Optimal slowness vectors from noise windows in terms of a slowness, b backazimuth, and c power, plotted as a function of julian day

Fig. 7
figure 7

2D stack of noise-window power vs. slowness grids. Concentric circles show expected slownesses for phases Pdiff, P, Pg, S, and Lg for reference

We do not detect any obvious seasonality in noise source location or slowness in contrast to what is often observed (e.g., Koper and de Foy 2008; Zhang et al. 2009; Hillers and Ben-Zion 2011); however, these previous studies focus on high-frequency noise that is generated in the direction of open ocean. In our study, both power and direction show a strong degree of consistency throughout the calendar year that may be due to differing storm and wind patterns in the sheltered water regions surrounding the Arabian Peninsula compared to the ocean. The strongest noise signal in Fig. 7 has a slowness of approximately 35 s/° and a backazimuth of 20°, in the direction of the northern Arabian/Persian Gulf. The second strongest peak has a similar slowness and a backazimuth of 235°, in the direction of the southern Red Sea. Other noise sources also traveling with this slowness appear with weaker power for most of the lengths of the Red Sea and Arabian/Persian Gulf, and also in the direction of the east end of the Mediterranean Sea. A much weaker signal is also seen to the southeast, in the direction of the Arabian Sea. We interpret these noise sources as likely Lg waves generated near the coast of the bodies of water surrounding the Arabian Peninsula. Lg is a crustal phase, composed of multiple post-critical reflection of S-waves, and is often the most prominent phase on a seismogram from regional earthquakes. It typically has a group velocity of 3.0–3.6 km/s; in line with the apparent velocity of 3.2 km/s, we see from our noise window slownesses. Furthermore, Lg noise energy has been observed as a dominant noise source at high frequencies by arrays around the world and appears to be generated primarily in shallow or near-coastal oceanic regions (Koper et al. 2010).
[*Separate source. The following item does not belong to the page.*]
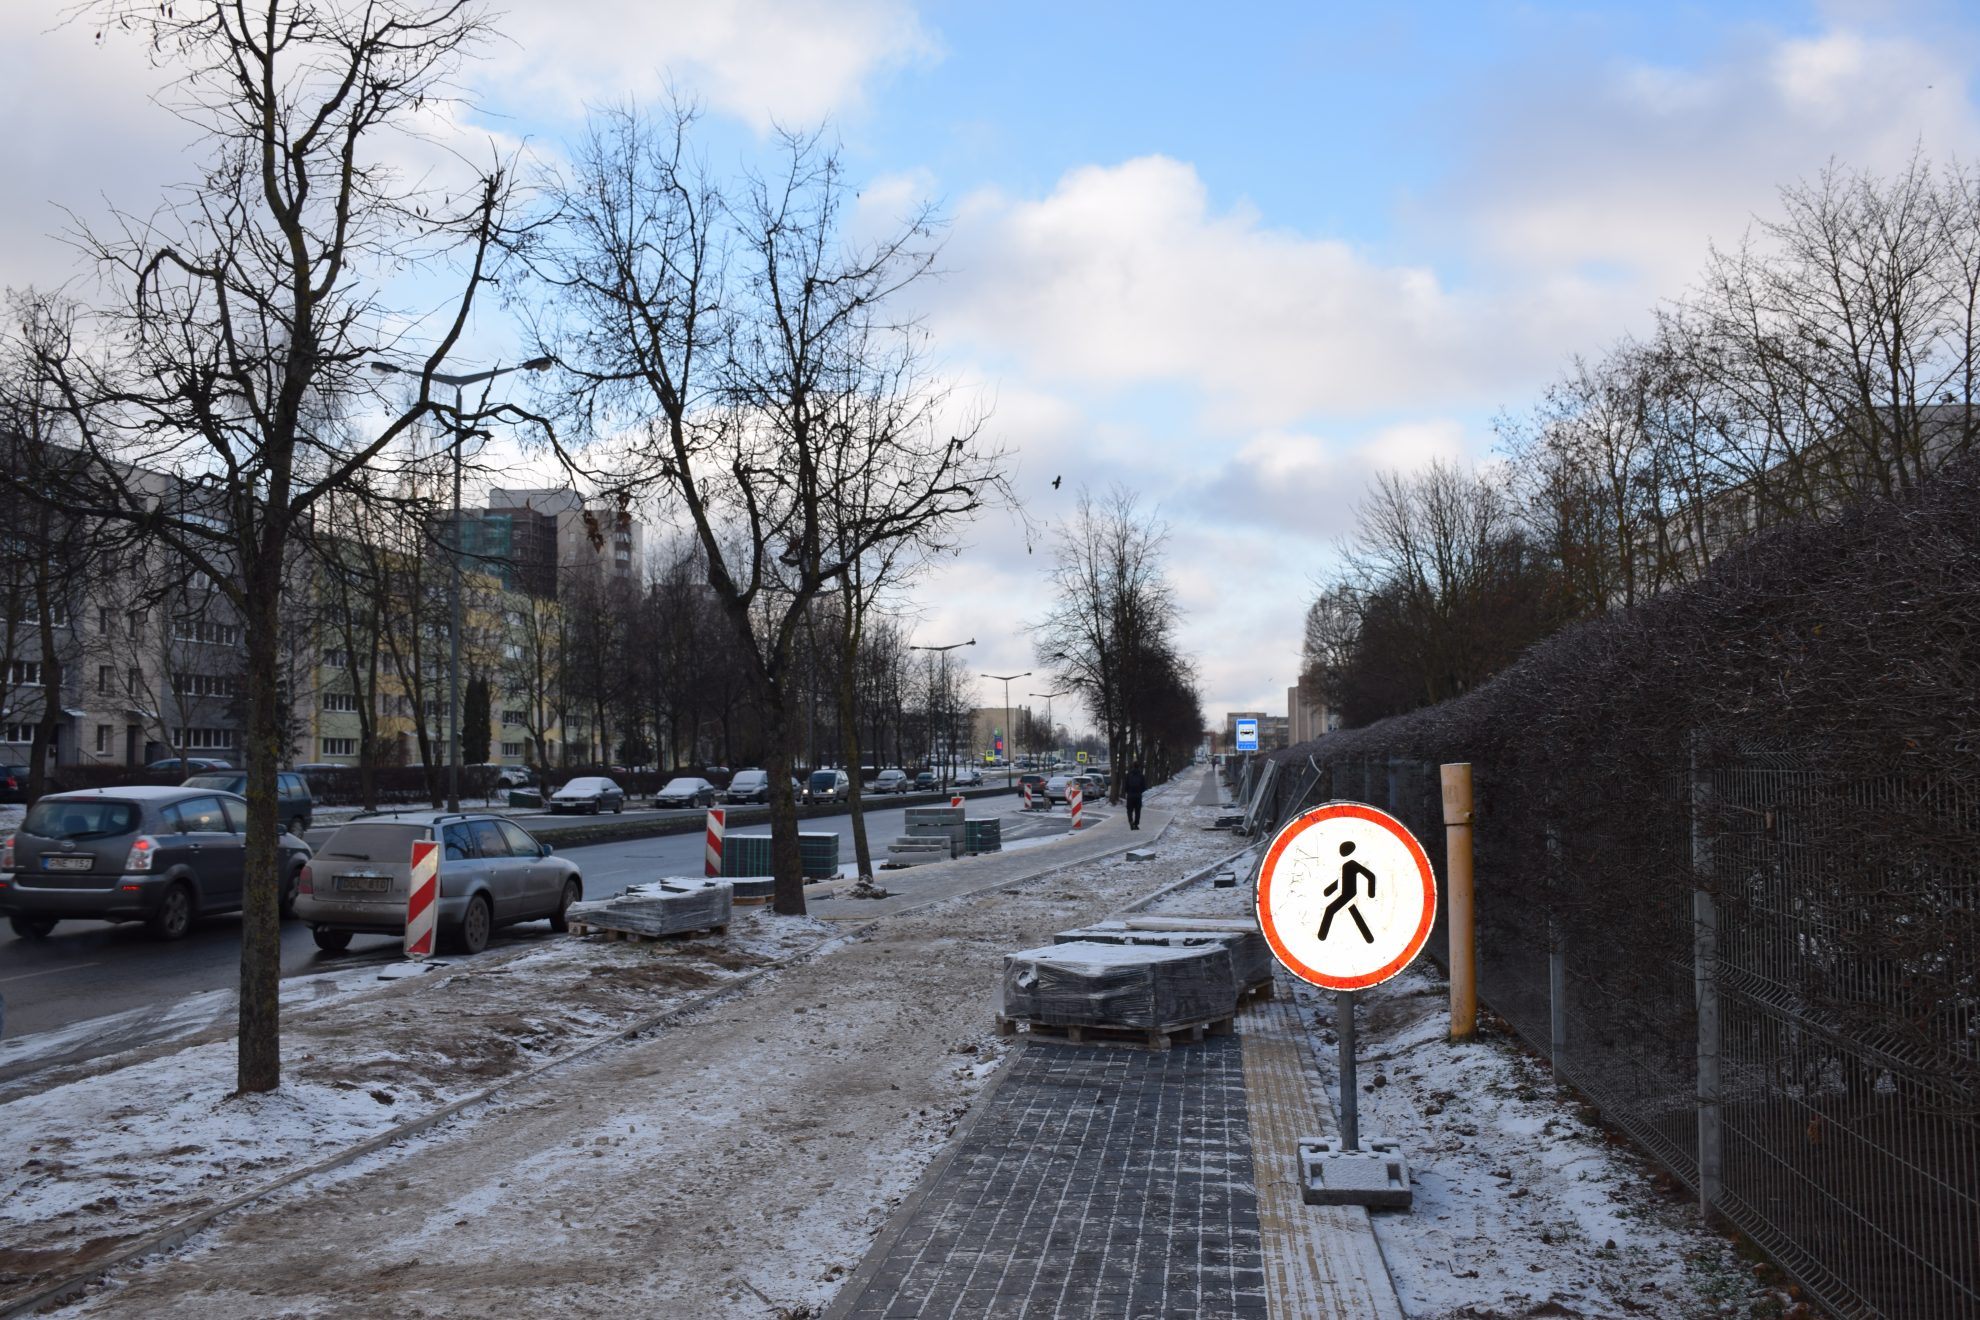 Susisiekimo ministro įsakymu Panevėžio miesto savivaldybės parengtam Nemuno gatvės dviračių tako (nuo Klaipėdos g. iki Ramygalos g.) rekonstrukcijos ir plėtros projektui skirta daugiau kaip 275 tūkst. Eur ES lėšų. Finansavimo sutartį planuojama pasirašyti gruodžio mėnesį.
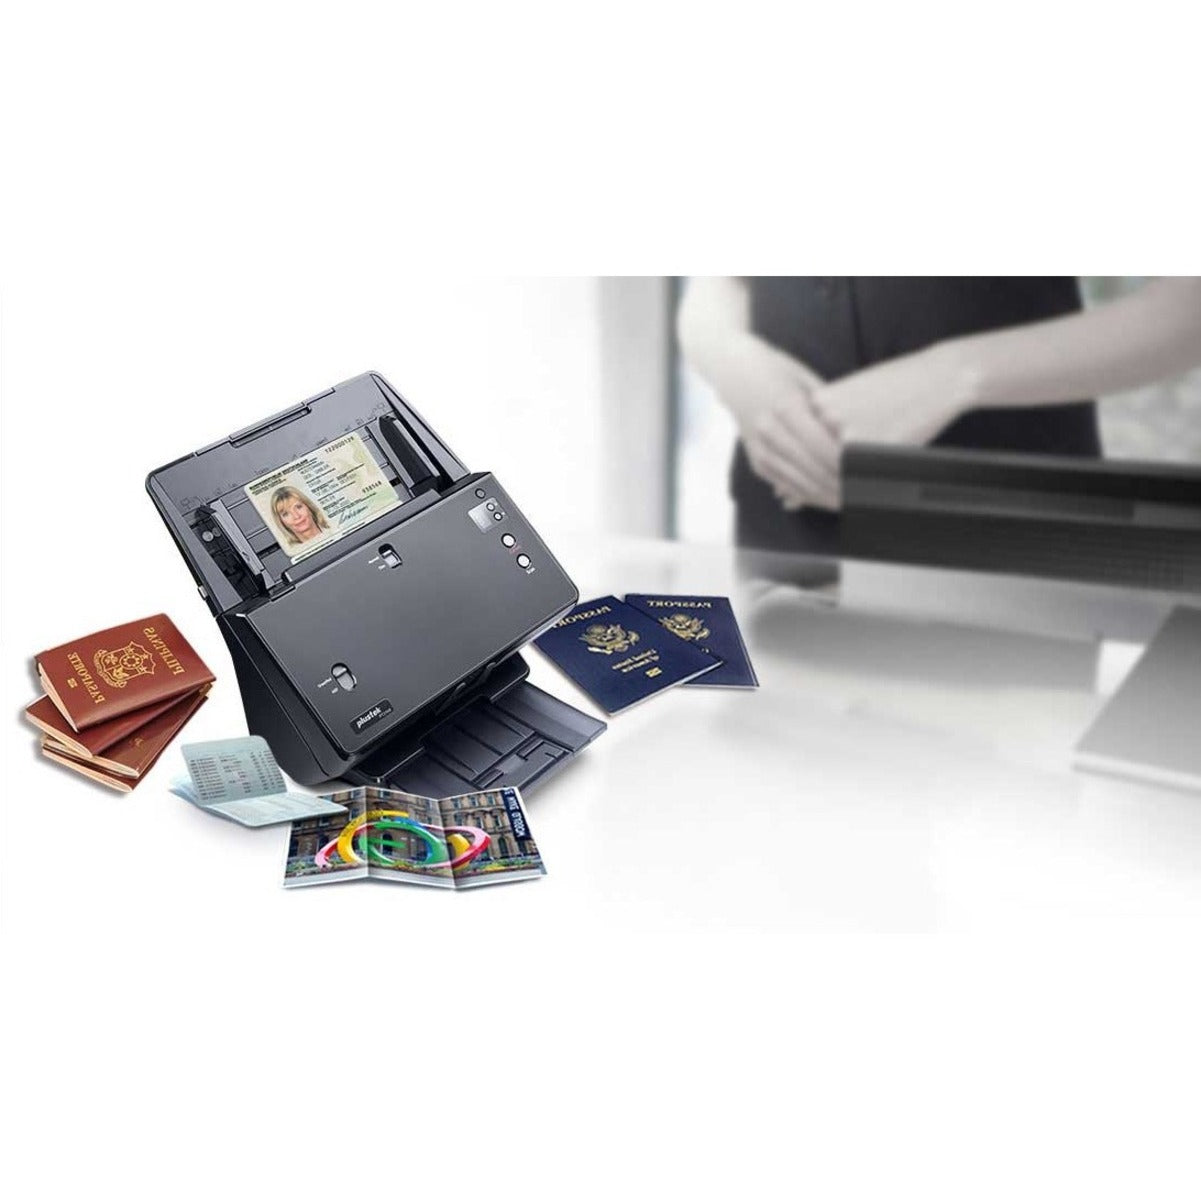 Plustek PT2160 SmartOffice ADF Scanner - Duplex Scanning

Although weaker than the Lg noise, a few peaks appear at slownesses corresponding to a Pg phase in the direction of the Arabian Sea. Pg is a crustally traveling regional P wave and has been observed at a few arrays worldwide, but comprises a much smaller portion of the observed global noise composition (Koper et al. 2010). The smaller composition of these wave types may be due to their relatively low power compared with other noise sources, as we see in this study. Additionally, we observe one peak that corresponds to teleseismic P wave velocities to the southwest. Since high-frequency, teleseismic P wave noise has been shown to be most likely generated in the open oceans (e.g., Obrebski et al. 2013; Pyle et al. 2015), this signal may be originating in the South Atlantic Ocean.

Conclusions

We examine the array capabilities of the small-aperture array QWAR in Saudi Arabia. Analysis of the backazimuths and slownesses obtained by a time-domain beampacking method compared with event catalog locations suggest that the array performs well at locating events compared with similar-sized arrays of the IMS. Strong, local, and persistent noise sources in the region as well as high attenuation in the collision zones surrounding the Arabian Peninsula likely play a role in the array’s event detection capabilities. A majority of events with magnitudes over 3.0 are detected, rising rapidly to detection rates of over 82% for events with magnitudes over 4.0. The dominant ambient seismic noise sources recorded by the array travel with an apparent velocity consistent with Lg waves. The strongest sources appear to be from the northern Arabian/Persian Gulf and the southern Red Sea, although the Lg energy comes from many directions, and possible weak sources of P wave energy may come from the southeast and southwest.